On Tue, 22 Oct 2013, Rainer Gerhards wrote:
On Tue, Oct 22, 2013 at 10:23 AM, David Lang <[email protected]> wrote:
On Tue, 22 Oct 2013, Rainer Gerhards wrote:
Hi all,
I wonder what are the actual use cases behind the desire to have global
variables in rsyslog. There are two that I know (I describe them very
briefly as they were expressed at length in the past couple of days):
1. counting messages for some reason
2. load-balancing output actions
Number 2 is - I think - a weak one, as this should better go into a
specific facility inside the engine (read: nothing that the admin should
need to emulate in the conf file).
Are there any other *real-world* use cases?
I am asking because I would like to think if future development directions
of the rsyslog engine should consider the re-addition of global variable
support (which requires a major rewrite).
well, the original request that lead to getting global variables added was
to have the contents of one message set a variable that could be used in
processing future messages.
I thought that original use case was just counting messages?
What you describe sounds like a correlation use case. Is this something
that we want to do in rsyslog?
For this use, the current functionality works as-is.
Not really. It works ONLY if you set batch size to 1, which is both
counter-intuitive and not something you really want to do.
Sample why it doesn't work:
conf in pseudo-code:
step 1: write content of $/globvar to file
step 2: set $/globvar = $msgprop
Let's say we have 4 messages, each containing a field (msgprop) with
content A, B, C, D. You want that the successsive message contains the
field from the previous one (starting with blank for the first one). So you
would probably expect to see
1: blank
2: A
3: B
4: C
However, the rule engine would evalute the write in step 1, without even
setting globvar at all. So this would lleading to the actual result of
1: blank
2: blank
3: blank
4: blank
In the next batch, all messages would contain "D" and so on...
Most folks would consider this to be an error ;) I agree to Pavel that this
is so far from being what one expects, that even documenting how things
work will not really help getting away from that error-like feeling. Add
the fact that the result is non-deterministic as it depends on the current
batch size, I would also conclude that this is errornous *design*.
I probably was not clear enoug in my initial question: as I said yesterday
evening, I have now removed global variable support. It won't be available
in 7.5.6. My question thus was on the use cases that could guide us if
working toward a correct implementation makes any sense. This would require
a big design change.
the use case wasn't trying to be something as precise as you are talking about,
but rather a much corser ability that after you see message X show up, start
doing something different. This could be to write files to a different location
because a failover has happened and you are now the active box, it could be that
if a particular type of log message shows up you want to log debug messages, or
something else.
given that logs can be re-ordered by the network, by relays in the middle, or by
the results of batch processing, it was never going to be an exact thing, so if
a change only takes effect for the next batch, that's not unreasonable.
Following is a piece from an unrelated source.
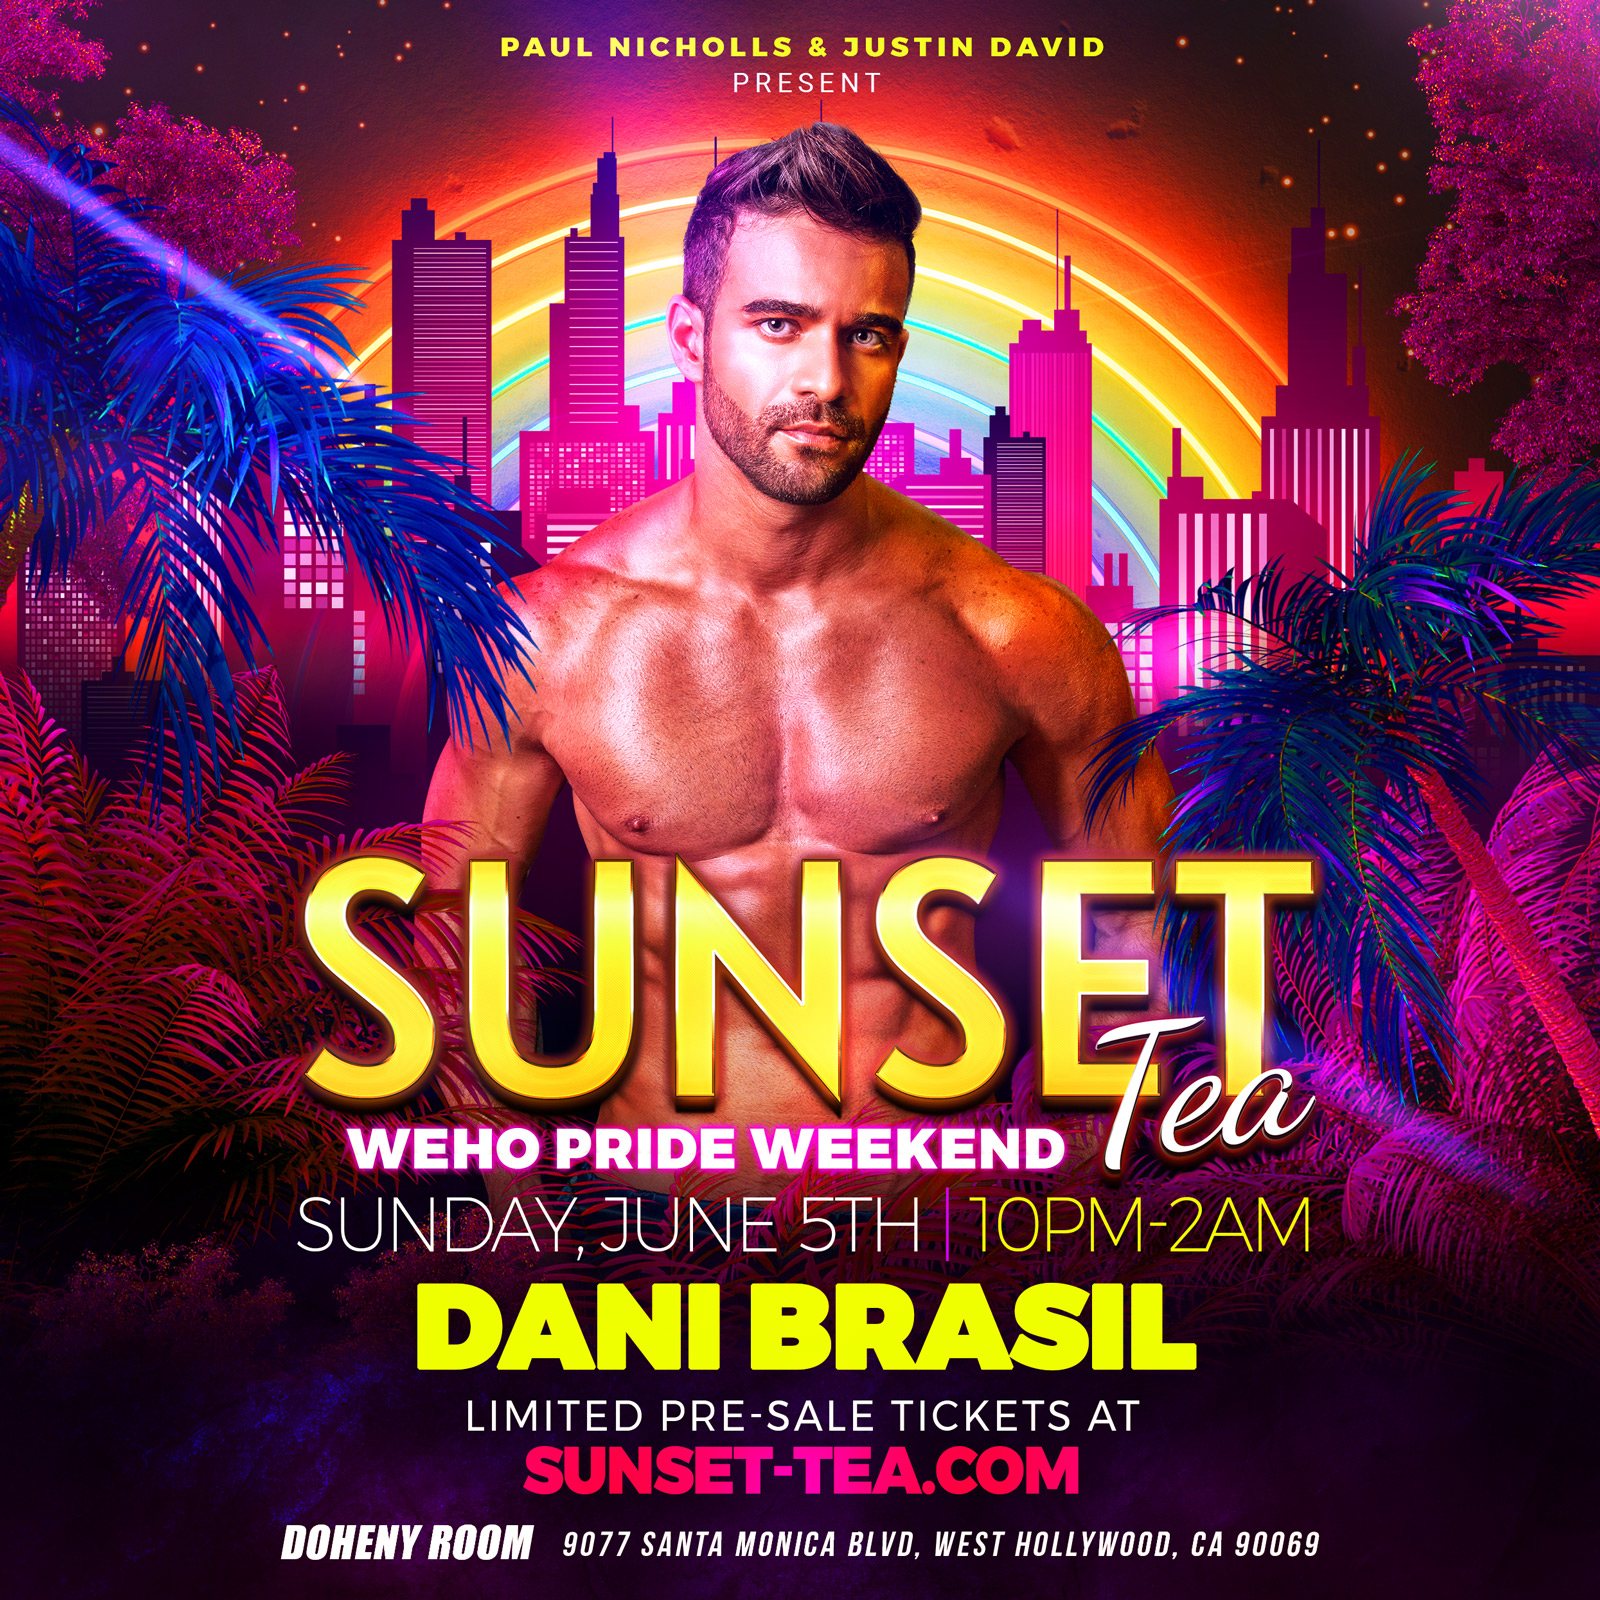 Buy Tickets to SUNSET TEA WEHO PRIDE in West Hollywood on Jun 05, 2022

yes, this is edging towards log correlation territory, but it's an extremely
handy way to be able to turn things on and off, or to cause logs to be handled
differently without requiring on-the-fly editing of config files and a complete
restart.
the log losses from a complete restart are massive compared to the global
variable impresision of only setting the variable on the next batch.
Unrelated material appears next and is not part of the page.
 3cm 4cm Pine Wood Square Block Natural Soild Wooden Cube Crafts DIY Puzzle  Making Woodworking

global variables are not that useful as something that you would set for each
message that you process, but if they are only occasionally changed, they can be
very useful and not a significant performance issue.
However, I do question about variables only being set once per batch, if you are
processing a bunch of messages, and trying to set a variable that you will then
use in templates, which message gets used?
for example, if I want to:
set $!trusted!source = $fromhost-ip;
which message in a batch sets this variable?
were the global variables handled differently than normal or local variables?